음성-문자 간 교차-모드 지식 증류를 이용한 종단 간 방식의 음성언어이해 :End-to-End Spoken Language Understanding Using Speech-Text Cross-modal Knowledge Distillation

김성빈

자료유형: 학위논문

저자정보: 김성빈 (인하대학교, 인하대학교 대학원)

지도교수: 이상민

발행연도: 2021

저작권: 인하대학교 논문은 저작권에 의해 보호받습니다.

이용수28

초록· 키워드

음성언어이해(spoken language understanding) 기술은 발화된 음성을 통해 화자의 명령이나 의도(intent)를 인식하는 것을 목적으로 한다. 전통적인 음성언어이해 기술은 발화된 음성을 문자로 전사(transcript)한 뒤, 전사된 문자를 통해 의도나 명령를 분류하는 음성인식과 자연어이해(natural language understanding) 기술의 결합으로 구성되는데, 음성인식의 오류가 자연어이해 알고리즘에 전파되어 음성인식 정확도에 많은 영향을 받는 단점이 존재했다. 이에 최근 음성인식을 통해 문자로 전사하지 않고 바로 의도를 인식하는 종단 간(end-to-end) 방식의 음성언어이해 기술들이 많이 연구되고 있지만, 기존의 방식을 대체하기에는 아직 연구가 완성되지 않았고, 또한, 종단 간 방식의 음성언어이해를 위해서는 음성에 해당하는 의도나 명령의 쌍으로 구성된 데이터가 필요하지만, 데이터를 구축하는 데에는 큰 비용이 소요되기 때문에 아직 그 수가 많이 부족하다.
따라서, 이 논문에서는 이를 해결하기 위해 최근 음성인식을 위한 음성의 특징을 추출하는 자기지도학습(self-supervised learning) 방식의 vq-wav2vec와 RoBERTa를 이용하여 음성의 특징을 추출하고 의도분류 성능을 보완하기 위해 사전학습(pre-training) 단계와 의도를 분류하기 위한 fine-tuning 단계에서 음성-문자 간 교차-모드(cross-modal) 지식 증류(knowledge distillation)를 적용하는 방법을 제안한다. 또한, 부족한 데이터의 양을 보완하기 위해 마스킹을 통한 데이터 증강(data augmentation)을 적용해 종단 간 음성언어이해 기술의 성능을 높이는 방법을 제안한다.
제안한 알고리즘들의 효과를 검증하기 위해 음성언어이해 성능평가에 많이 사용되는 FSC(Fluent Speech Command) 데이터셋과 데이터셋이 적은 상황을 가정하여 학습 데이터의 10%만 추출한 부분 데이터셋을 사용하여 성능을 평가했고 다양한 데이터셋에 대해서도 적응되는지 검증하기 위해 자연어이해 성능평가에 사용되는 Snips(Snips-NLU) 데이터셋을 음성 합성(speech synthesis)하여 만든 데이터셋과 Smartlights(Snips-SLU) 데이터셋에 대해 실험한 결과 제안한 알고리즘이 모두 효과가 있음을 확인했으며 특히, FSC 데이터셋의 경우 의도분류 태스크에서 현재까지 보고된 성능 중 가장 높은 99.7%의 정확도를 달성했다.
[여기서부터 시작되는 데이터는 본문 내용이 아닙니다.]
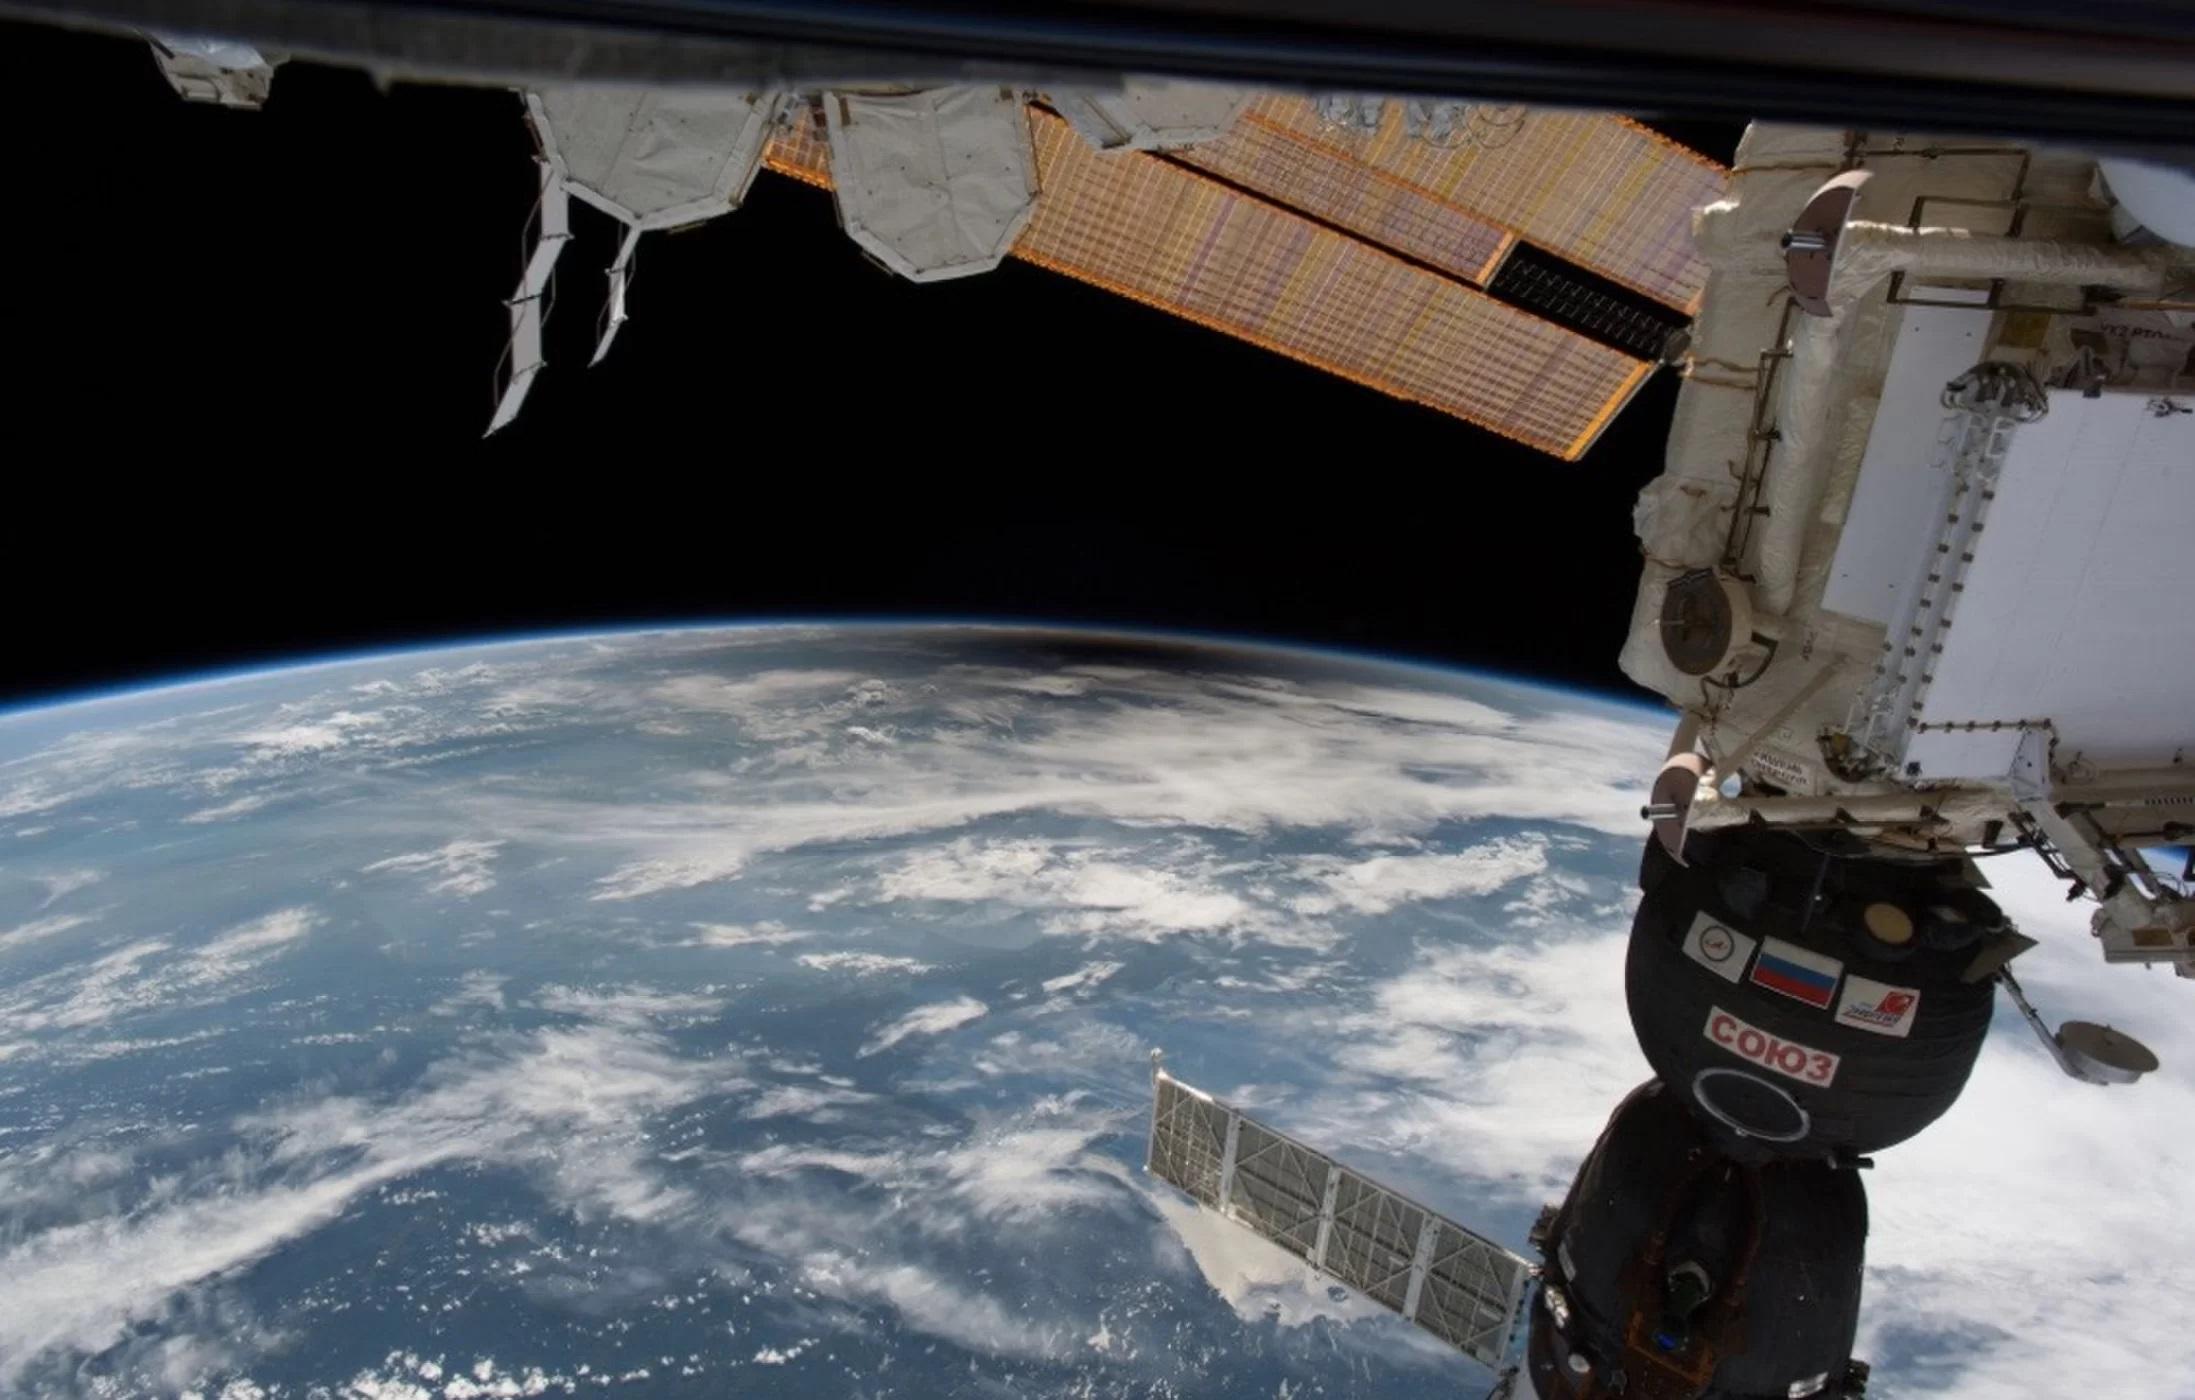 Kolejny obraz zaćmienia widocznego z ISS.

SLU(spoken language understanding) technology aims to recognize the speaker''s command or intent through the spoken voice. Traditional spoken language understanding technology consists of a combination of ASR(automatic speech recognition) and NLU(natural language understanding) technology that transcripts spoken speech into text and then classifies intentions or commands through the transcribed text.
There was a disadvantage in that ASR errors were propagated to NLU algorithms, which was greatly affected by the accuracy of speech recognition. Accordingly, many researches have recently been conducted on SLU technologies of an end-to-end method that recognize intentions directly without transcribing into text through ASR, but research has not yet been completed to replace the existing methods. In addition, for end-to-end SLU, data consisting of pairs of intentions or commands corresponding to voice is required, but the number of data is still insufficient because it require a large cost to construct the data.
Therefore, in order to solve this problem, this paper extracts speech features and improve intention classification performance using vq-wav2vec and RoBERTa, a self-supervised learning method that extracts features of voice for recent voice recognition. To do this, we propose a method of applying a cross-modal knowledge distillation between speech and text in the pre-training stage and the fine-tuning stage to classify the intention. In addition, to compensate for the insufficient amount of data, we propose a method to improve the performance of end-to-end speech language understanding technology by applying data augmentation through masking.
In order to verify the effectiveness of the proposed algorithms, we evaluate the performance using the FSC(Fluent Speech Command) dataset, which is widely used in SLU performance evaluation, and the partial dataset extracted from only 10% of the training data, assuming a situation where there is little dataset. In order to verify whether it is adapted to various dataset, both the proposed algorithm is effective as a result of experimenting on the Snips(Snips-NLU) dataset used for NLU performance evaluation and the Smartlights(Snips-SLU) dataset. In particular, we achieve state-of-the-art results on SLU benchmarks that 99.7% test accuracy on the FSC dataset.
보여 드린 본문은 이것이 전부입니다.